Internal controls are viewed as an amalgam of business models, organizational processes, organizational procedures, people and information technology. These controls are used in safeguarding assets of the business, providing relevant and reliable information, promoting operational efficiency and complying with managerial policies and procedures.

The responsibility for instituting and maintaining internal controls rests with management. In the real world, involvement of various layers of management in internal controls varies widely. Internal controls provide reasonable, not absolute, assurance. Internal controls are subject to cost benefit analysis. And all internal controls have limitations, such as collusion by personnel to overcome controls, override by top management and human error. Internal controls ideally should evolve in tandem with changing business conditions; thus, the need for continuous management monitoring. Each organization defines components of internal controls differently, though there are a number of similarities. Components defined by COSO and adopted by the AICPA are comprehensive and briefly discussed below.

 

Control Environment

This is the foundation of internal controls, since it deals with the people aspect. Control environment signifies attitudes of the people in charge of the organization toward the controls. The tone set at the top soon permeates the entire organization. As such, no system of internal controls is effective unless actively supported by top management. The different elements of control environment are as follows:

  1. Management’s commitment to integrity and ethics
  2. Management’s philosophy and operating style
  3. Complexity of the organizational structure
  4. Oversight exercised by the board of directors, audit committee and internal auditors
  5. Procedures for delegating authority and responsibility
  6. Human resource policies and procedures
  7. External influences, such as requirements of the Sarbanes-Oxley Act

 

Risk Management

All businesses face internal and external threats. Risk analysis involves analyzing these threats and taking proactive and reactive steps to mitigate risks. The steps involved in the risk analysis are given below:

  1. Identify threats in financial, operational and strategic areas
  2. Estimate risks involved in each threat
  3. Assess cost of loss due to the risk; that is, likelihood of the occurrence of the risk multiplied by possible loss
  4. Manage risk by designing appropriate controls
  5. Make sure that all controls undergo cost/benefit analysis

 

Control Activities

These are policies and procedures that ensure that management’s directives are carried out. The five classes of these policies and procedures are given below:

  1. Appropriate authorization of transactions
  2. Separation of duties
  3. Proper design and usage of documents and records
  4. Safeguarding of assets and records via adequate access controls
  5. Independent verification; for example, internal and external audits

 

Information and Communication

Internal controls should identify, capture, process and report appropriate information, which may be financial or operational.

 

Monitoring

Internal controls should be evaluated, periodically or continuously, to assure that they are functioning as intended by management. The methods of evaluating internal controls depend on the type of controls being evaluated; for example, the evaluating tone set at the top will be different from evaluating separation of duties.

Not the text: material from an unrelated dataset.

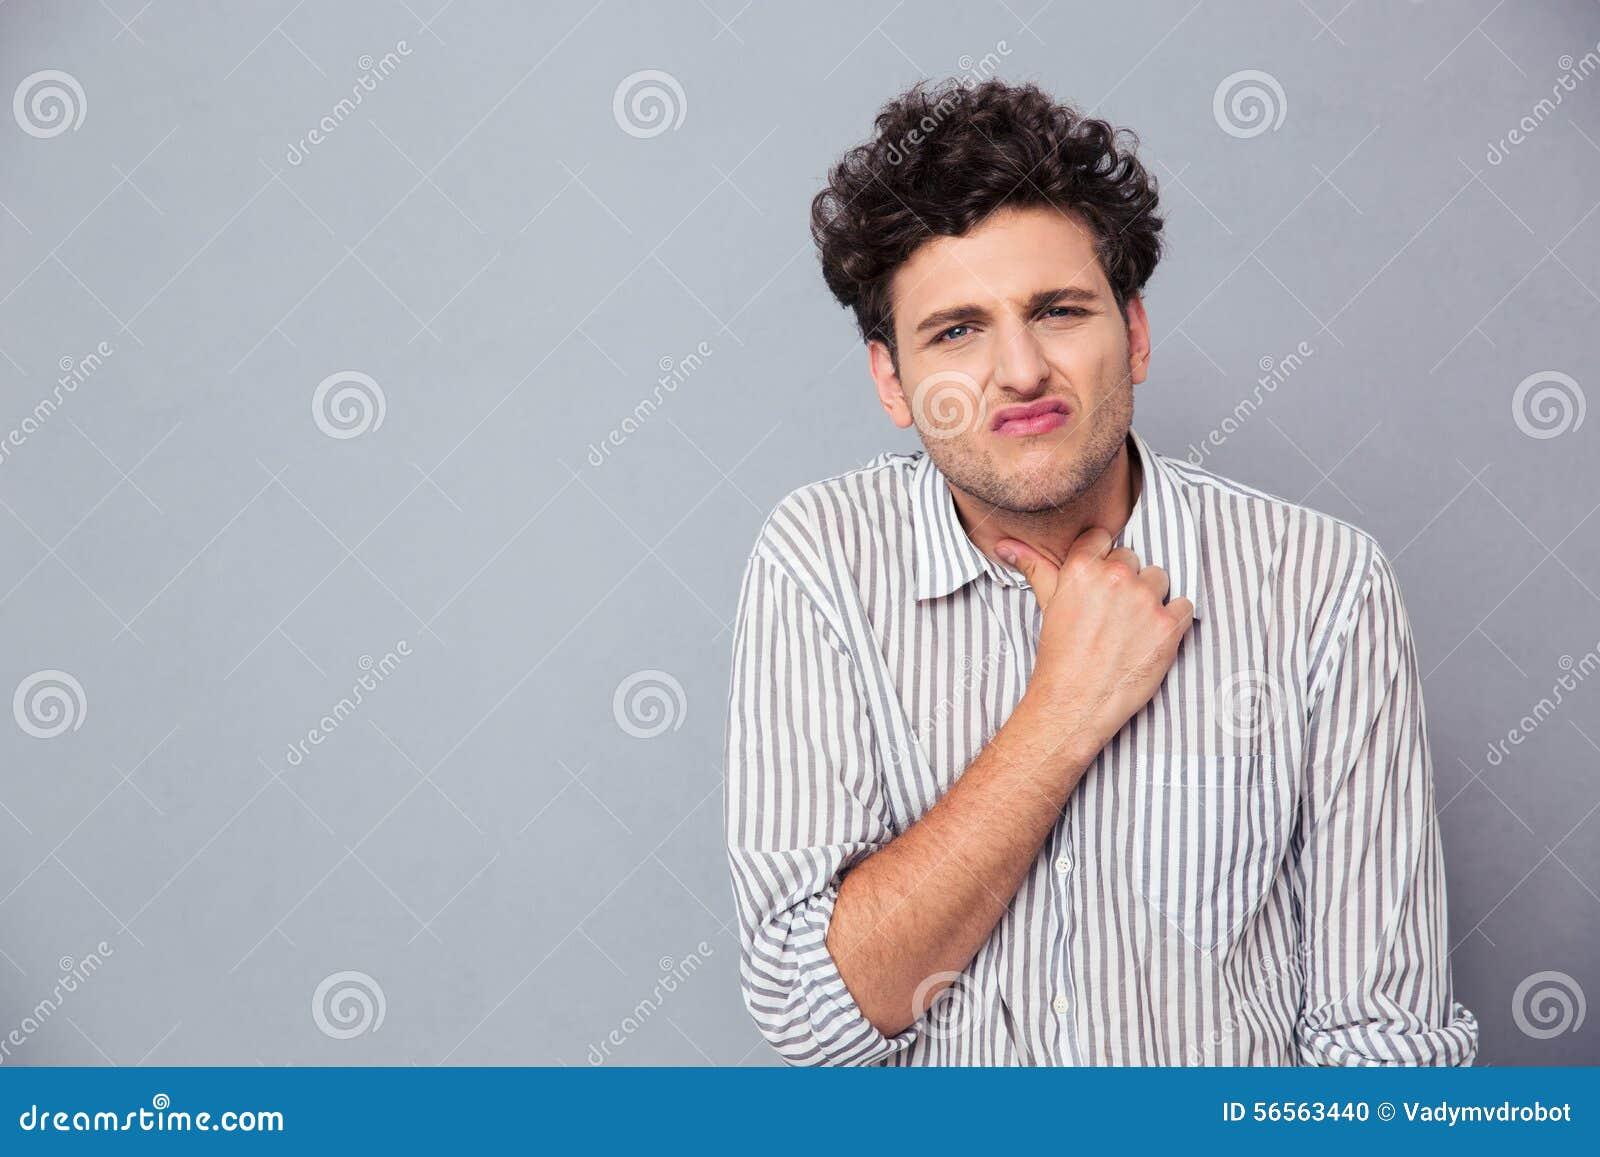 Download Περιστασιακό άτομο που έχει τον πόνο λαιμών Στοκ Εικόνες - εικόνα από όμορφος, κεφάλι: 56563440

How does this discussion help understanding internal controls in the online world? Surprisingly, or, perhaps not surprisingly, the theoretical framework advocated by COSO fits well to the controls on the Internet. In the context of internal controls over business transactions over the Internet, risk management, control activities and monitoring aspects of the COSO framework are useful and applicable. Use of the Internet and Web-based tools, as seen so far, permeate almost every functional area of the business.

Problems regarding information flowing in and out of the organization via the Internet are similar to the problems encountered in EDI. Add to that a unique mixture of disparate technologies, networks and computing systems, along with people collaborating — perhaps from across the globe — who may not have ever met face to face. No wonder security is considered to be one of the prime problems for businesses and consumers already on the Internet or wishing to move processes to the Internet.

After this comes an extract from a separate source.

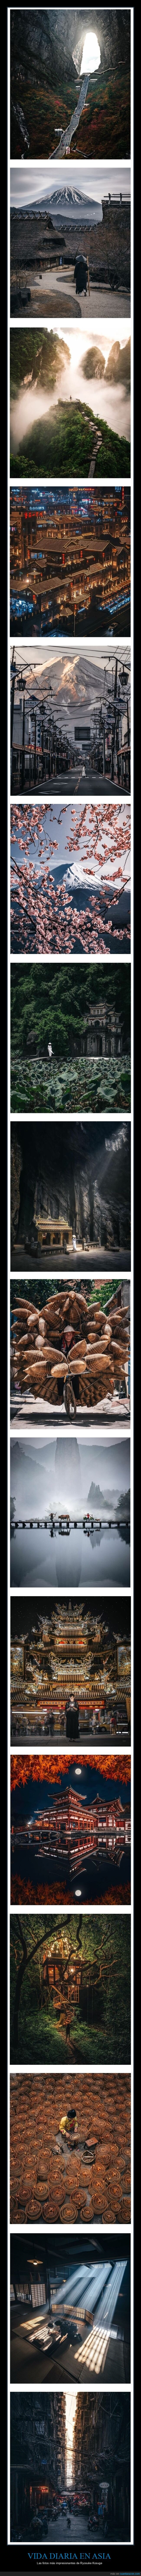 asia,fotografía,ryosuke kosuge

Please note, the objective of this post is not to list every internal control in the online world. You should be able to ask intelligent questions regarding the controls — What is being protected? Why? How? How effectively? Conceptual discussions of these issues are more important than the details, which can get very complicated very quickly.

 

A Conceptual Framework for Online Internal Controls

Internal controls, no matter the exotic terminology, have standard objectives. The objectives of online controls can be classified as validity of transactions, mutual authentication of identity, authorization, end-to-end data integrity and confidentiality, non-repudiation and audit-ability of transactions. These areas are not mutually exclusive, but provide a way to conceptually organize and discuss internal controls in the online world. Let us take a detailed look at elements of the conceptual framework.  Some of the controls mentioned below:

Validity of transactions: The primary question in online transactions is its legal status. Transacting parties in EDI take care of this problem by using trading agreements. New laws, such as UETA, UCITA and E-SIGN, have facilitated validity of transactions in the online world, though compliance with these laws remains an important internal control issue.

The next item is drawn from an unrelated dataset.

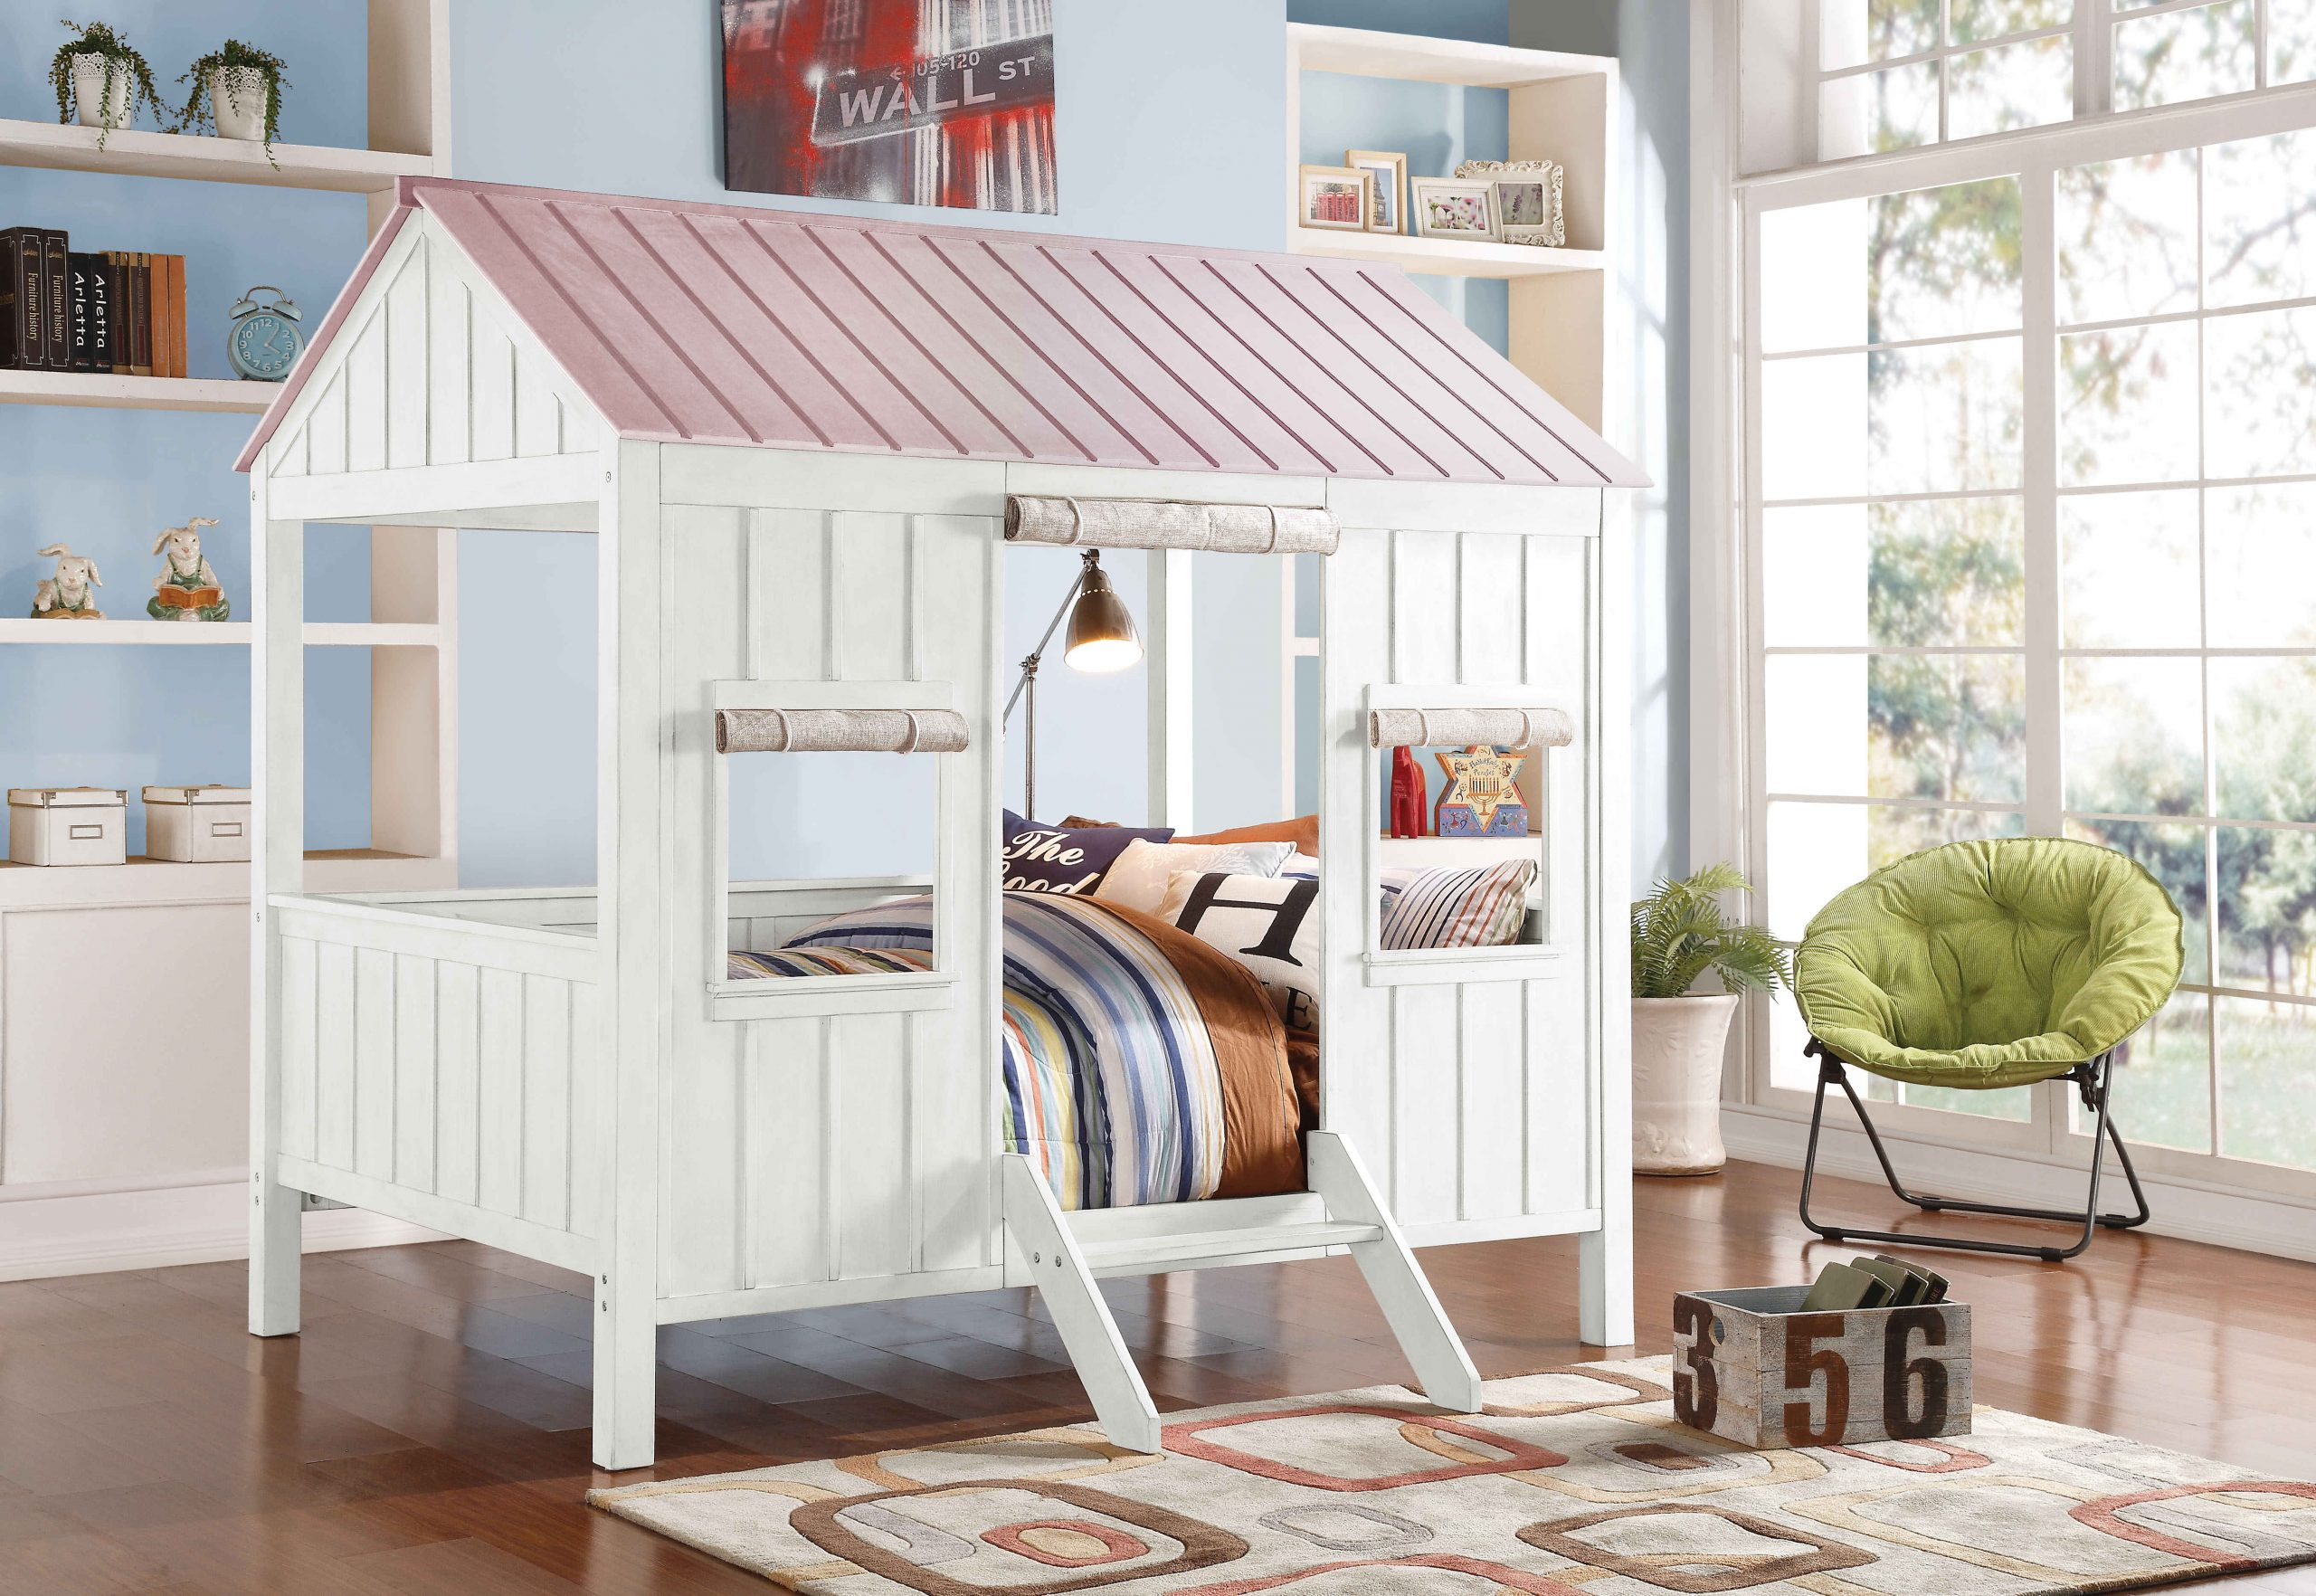 Cottage House Bed Full Size - kidsroom.vip

Mutual authentication of identity: Authentication is a process of verifying identities of the transacting parties. It involves determining whether someone or something is, in fact, who or what it is declared to be. Authentication of identity has two facets: identity of the machines and identity of the humans operating the machine. Such authentication can be carried out by means of static or dynamic passwords or PINs, passwords or PINs and security tokens, automatic callbacks and biometric techniques. The use of digital certificates is also increasingly common. Establishing identity of a human at the end of the machine is primarily a matter of intra-organizational controls. It requires review of access controls and separation of duties within the organization. The human user is identified by something the user knows or carries. These criteria include passwords, ID cards or biometric measures, such as fingerprints.

Authorization: Authorization is the step after authentication. The machine and user are identified and allowed access to the computer system in the authentication phase. Then, the authorization phase deals with granting rights to the user to perform certain functions. These rights define types of resources and actions allowed to the user; for example, the user can read, write or modify but cannot delete files. The rights can be assigned via Access Control List (ACL). Accounting, which may follow authorization, involves collecting statistics and usage information for a particular user or class of users. This information is used for authorization control, billing, trend analysis, resource utilization and capacity planning.

Data integrity and confidentiality: Data integrity refers to transfer of data without any modification, intentional or unintentional, in the transit. Data confidentiality refers to inability of unauthorized parties to access data. Standard controls in this area include encryption, security algorithms and communication protocols such as SSL.

Non-repudiation: Non-repudiation refers to proof that the electronic document was sent by the sender and received by the receiver. The three aspects of non-repudiation are: non-repudiation of origin, non-repudiation of receipt and non-repudiation of submission. Non-repudiation covers the problem of post-facto denial of an electronic transaction by transacting parties. First, it proves that the transaction took place, and second, it establishes identity of the transacting parties. Controls such as digital signatures and digital certificates address non-repudiation.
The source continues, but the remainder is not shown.